When the nature and purpose of Naatya has been explained thus, the demons were pacified and the production went on smoothly. Pleased with the production, the gods and the demons gave presents to the actors and actresses.

When the production attained perfection, Brahma took them to kailaasa, the abode of Lord Siva, and against the back-drop of the beautiful snow-capped mountains, presented two plays out of the ten major forms of drama - Amrithmanthana, a Samavakaara and Tripuradaaha, a Dima. Lord Siva, pleased with the production, addressed Brahma thus : "Oh ! You intellectual ! You have created Naatya in a beautiful way which is conductive to fame, well-being, piety and intellectual advancement. I was thinking about this aspect when I was dancing in the evening.
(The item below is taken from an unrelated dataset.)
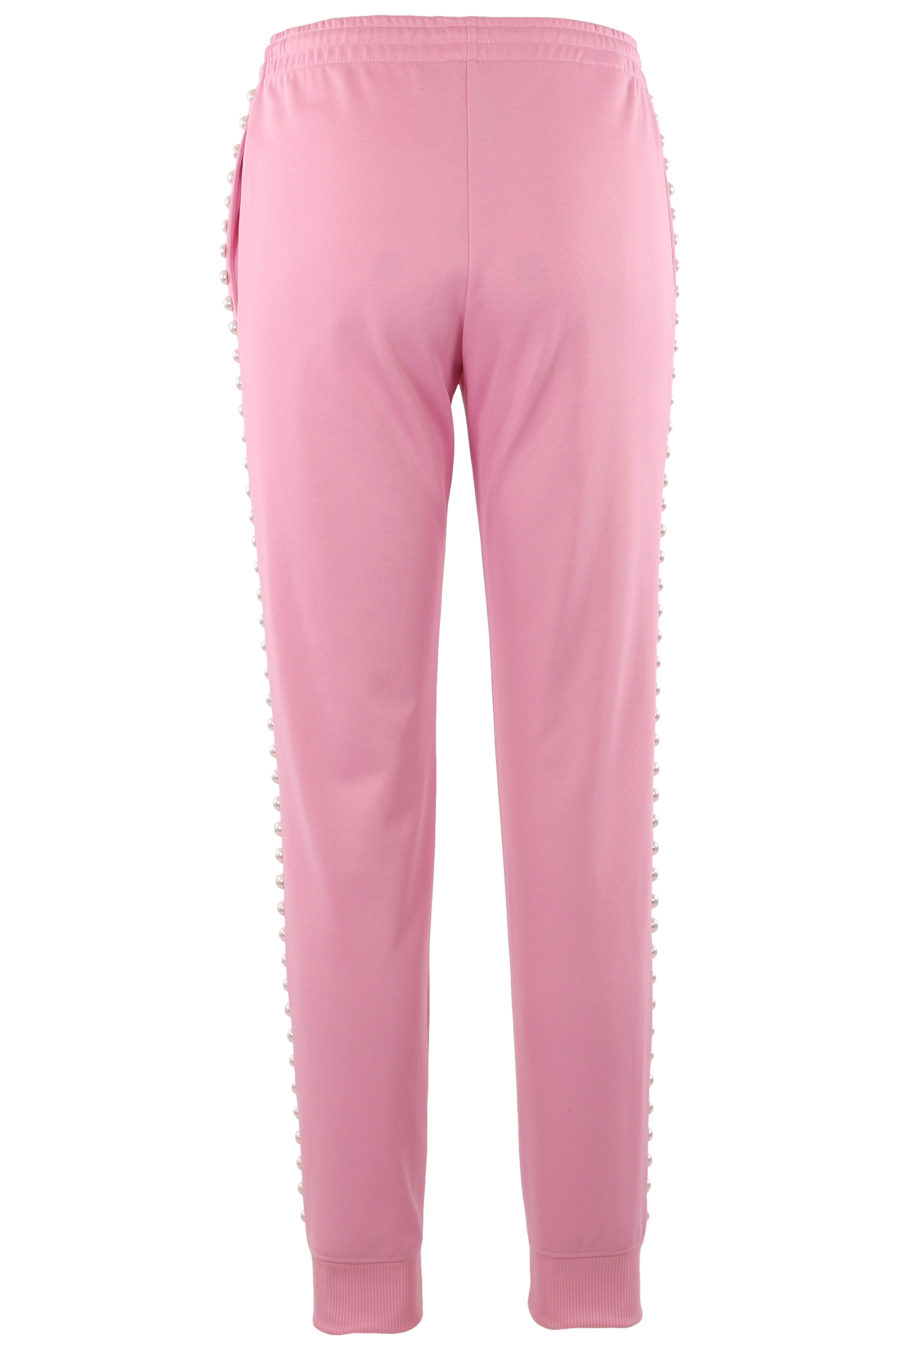 Pantalón de color rosa con perlas - cb5d250b45de3c86de2a5e9a46b1b07137873bc7

I would like you to incorporate Nritta or pure dance with Karana-s and Angahaara-s in the prepresentational rituals so that the meaning of the song will be clear to the audience. The original ritual is devoid of dance and if dance is incoroporated, it will present a better pricture. Dance may not help the story, it may not produce an emotion, acting is not quite enough but dance and music will beautify the Naatya (DRAMA)". Then saint TanDu, ordained by Lord Siva, taught Nritta (DANCE) to Bharata comprising KaraNa-s, Angahaara-s and reecaka-s. This Nritta is called TaanDava since it was first expalined by saint TanDu. This is contained in Chapter Four of Naatya Saastra.